The Swan 57 is a Finnish sailboat that was designed by Olin Stephens of Sparkman & Stephens as a racer-cruiser and first built in 1977. The boat is Sparkman & Stephens' design #2297 and was their last Swan boat designed.

The design is sometimes confused with the unrelated 1990 Swan 57CC Frers or the 1996 Swan 57 RS designs.

==Production==
The design was built by Oy Nautor AB in Finland, from 1977 to 1984 with 49 boats completed, but it is now out of production.

==Design==
The Swan 57 is a racing keelboat, built predominantly of glassfibre, with wood trim. It has a masthead sloop rig or optional ketch rig, with a raked stem, a reverse transom, a skeg-mounted rudder controlled by a wheel and a fixed fin keel or optional stub keel and centreboard. The ketch version has a boomkin for the mizzen mainsheet.

The fin keel model displaces 49500 lb and carries 18900 lb of lead ballast, while the centerboard version displaces 51500 lb and carries 20900 lb of lead ballast.

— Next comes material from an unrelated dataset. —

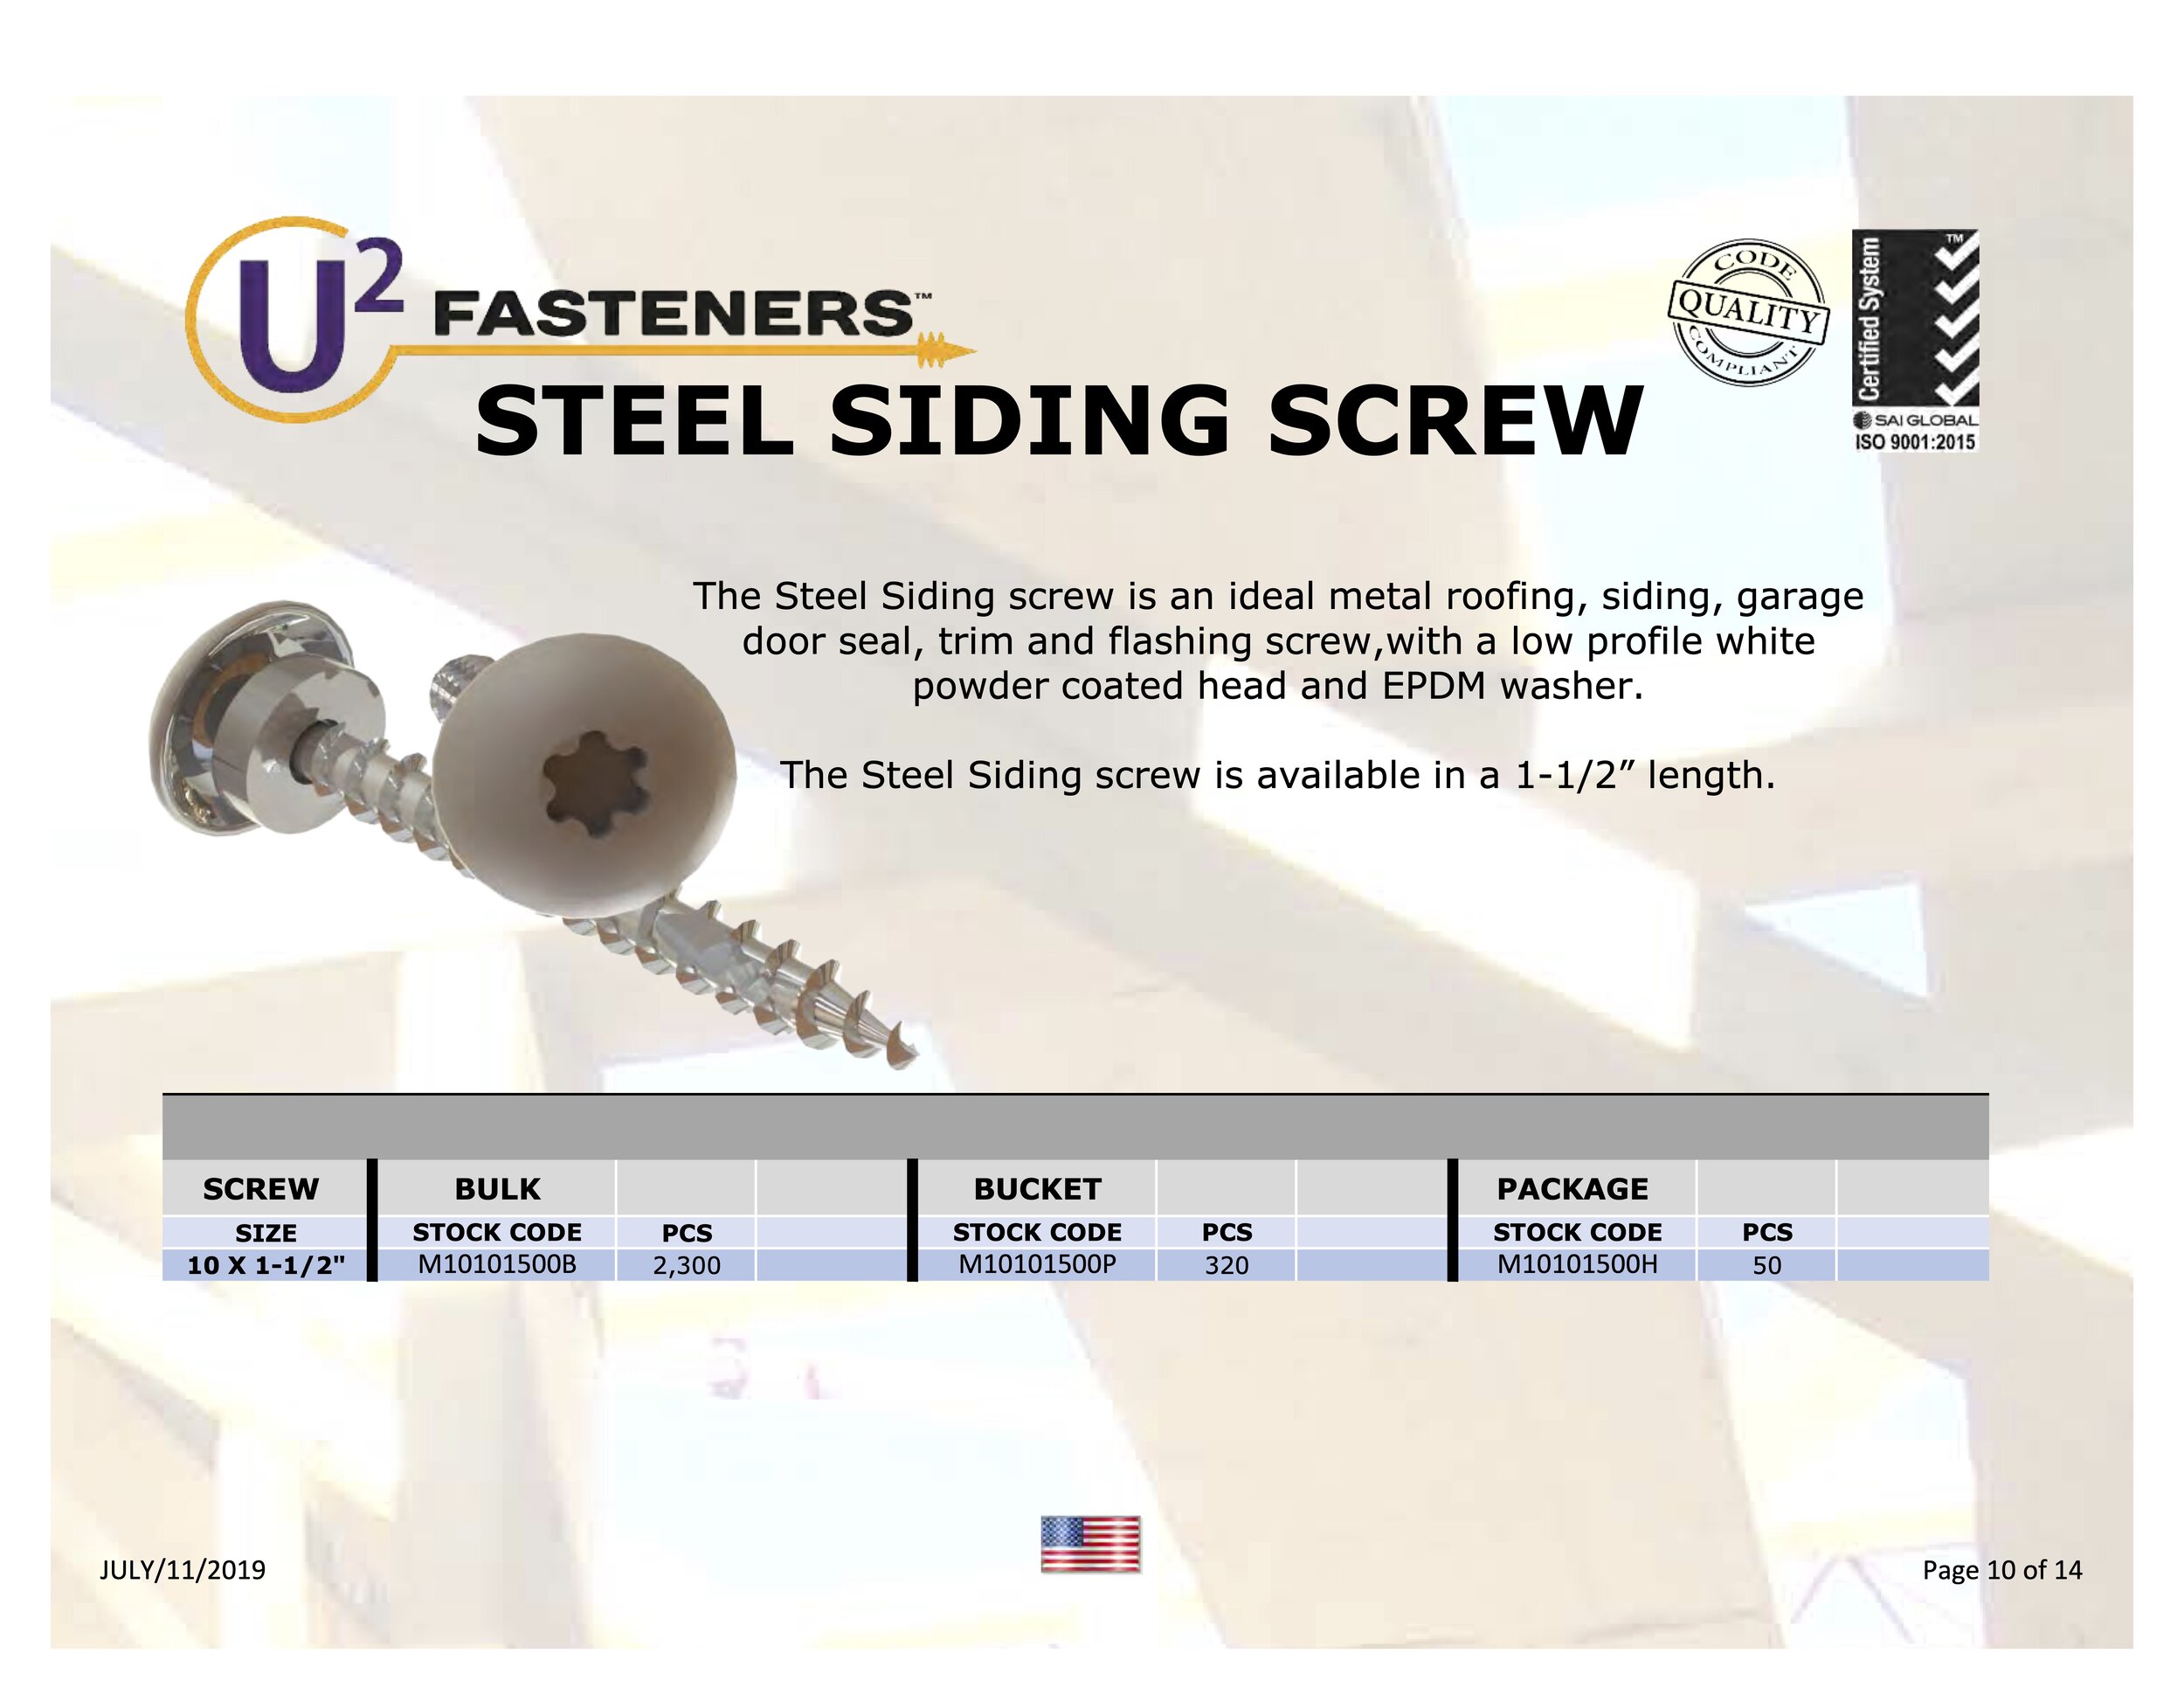 Steel Siding Screw2 - U2.jpg

The keel-equipped version of the boat has a draft of 9.10 ft, while the centerboard-equipped version has a draft of 10.20 ft with the centerboard extended and 6.40 ft with it retracted, allowing operation in shallow water.

The boat is fitted with a British Perkins Engines 4.236 M diesel engine of 73 hp for docking and manoeuvring. The fuel tank holds 151 u.s.gal and the fresh water tank has a capacity of 264 u.s.gal.

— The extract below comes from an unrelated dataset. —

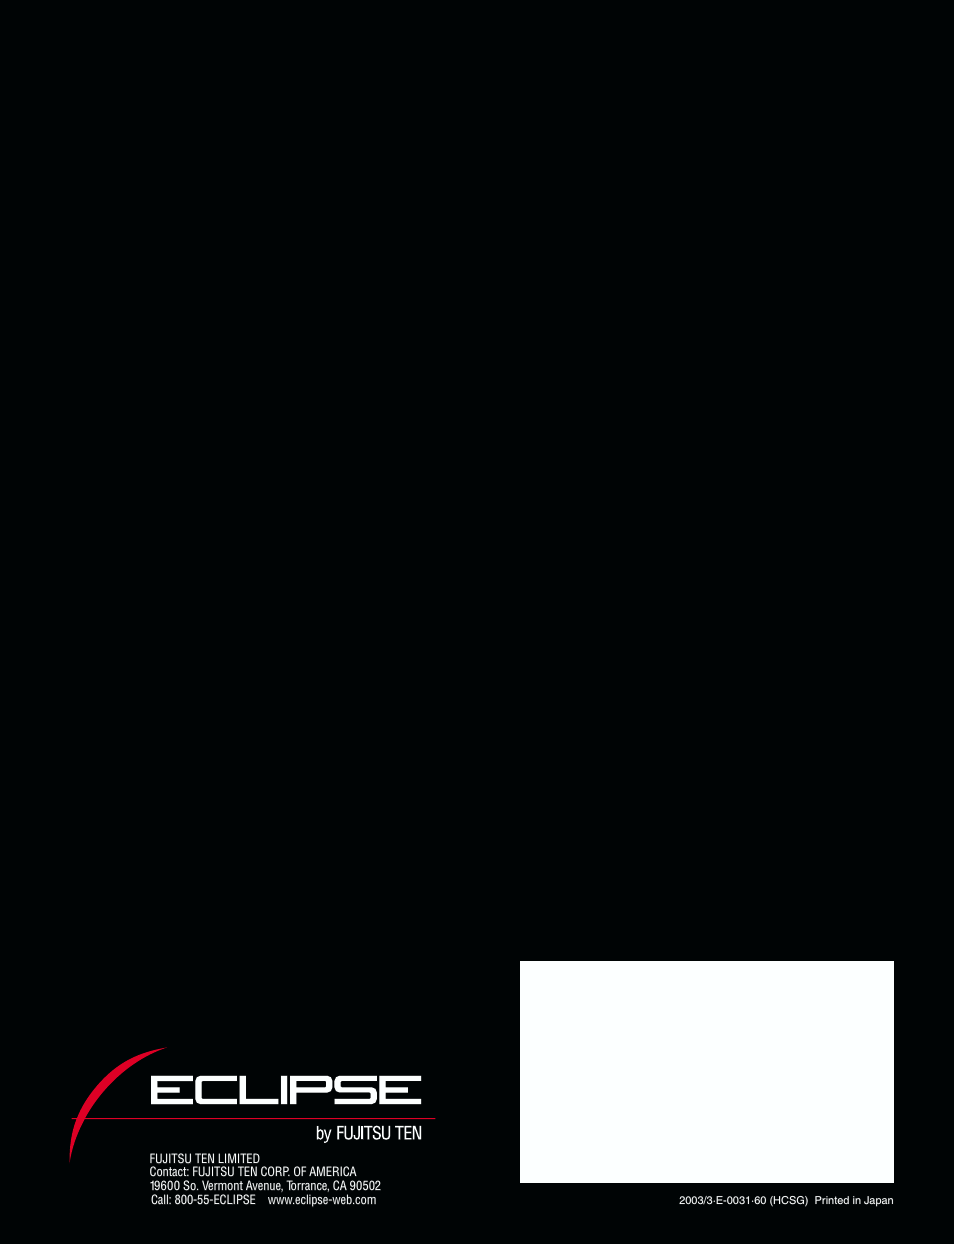 Eclipse - Fujitsu Ten ECLIPSE DA7232 User Manual | Page 12 / 12

The design has sleeping accommodation for nine people, with a double "V"-berth in the bow cabin, an U-shaped settee and a straight settee in the main salon, two bunk beds and a single bed in the forward salon and two aft cabins, one with a double berth on the port side and a single berth on the starboard. The galley is located on the port side, abeam the companionway ladder. The galley is C-shaped and is equipped with a three-burner stove, an ice box and a double sink. A navigation station is opposite the galley, on the starboard side. There are two heads, one just aft of the bow cabin on the starboard side and one on the port side, aft.

For sailing downwind the design may be equipped with a symmetrical spinnaker of 3046 sqft or 2960 sqft for the ketch-rigged model.

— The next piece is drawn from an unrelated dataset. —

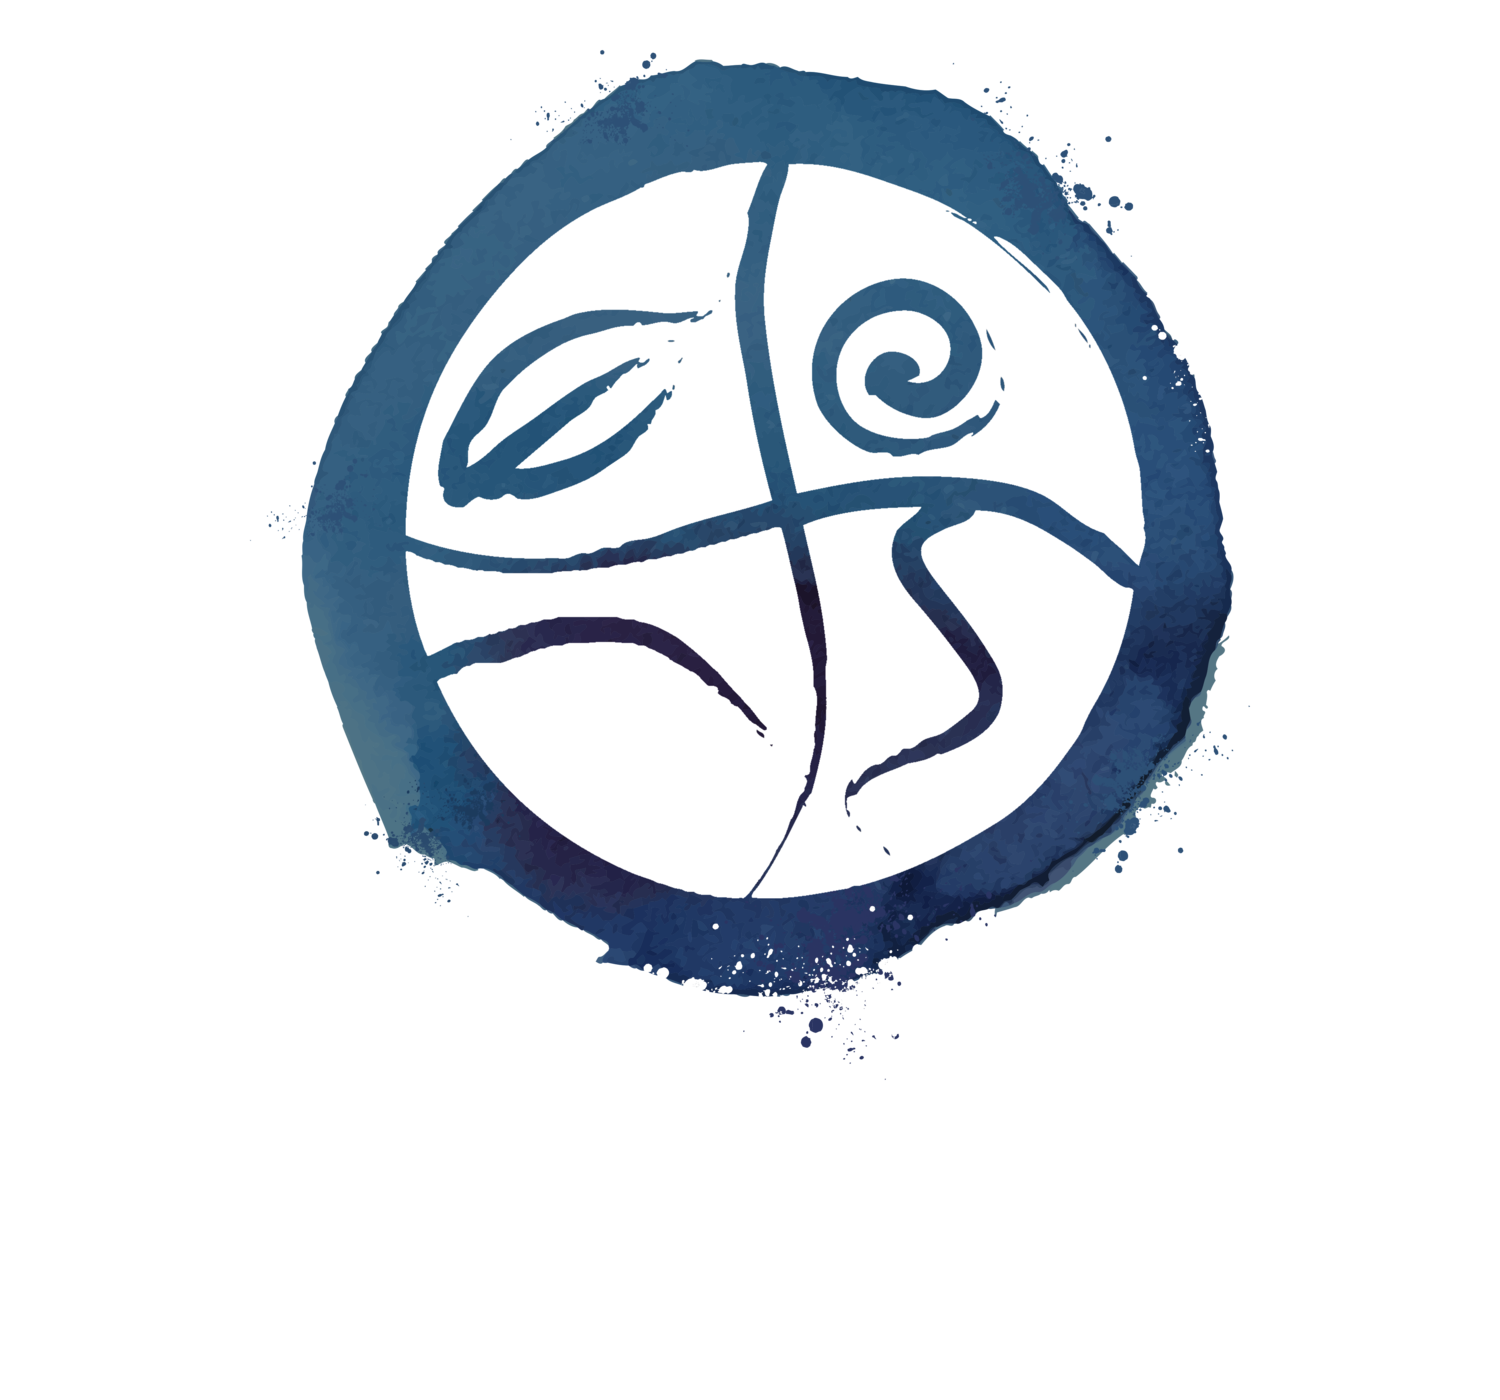 Topanga Mountain School

The design has a hull speed of 9.07 kn. The sloop rigged boat with a fixed keel has a PHRF handicap of 21 to 63, the sloop centreboard version 39 to 51, the ketch fixed keel 57 and the ketch with the centreboard 54 to 60.

==Operational history==
In a 2009 review, yacht broker Richard Jordan wrote, "the 57-footer has the classic S&S rocket ship stern, modest sheerline, and raked bow. These Swans always are handsome yachts with their sexy low freeboard and wide decks. More than one client we have tried to talk out of buying a boat this size, but the siren call of a Swan is a powerful draw. Even 30 years after her introduction, a Swan 57 is sure to be one of the prettiest yachts in any harbor."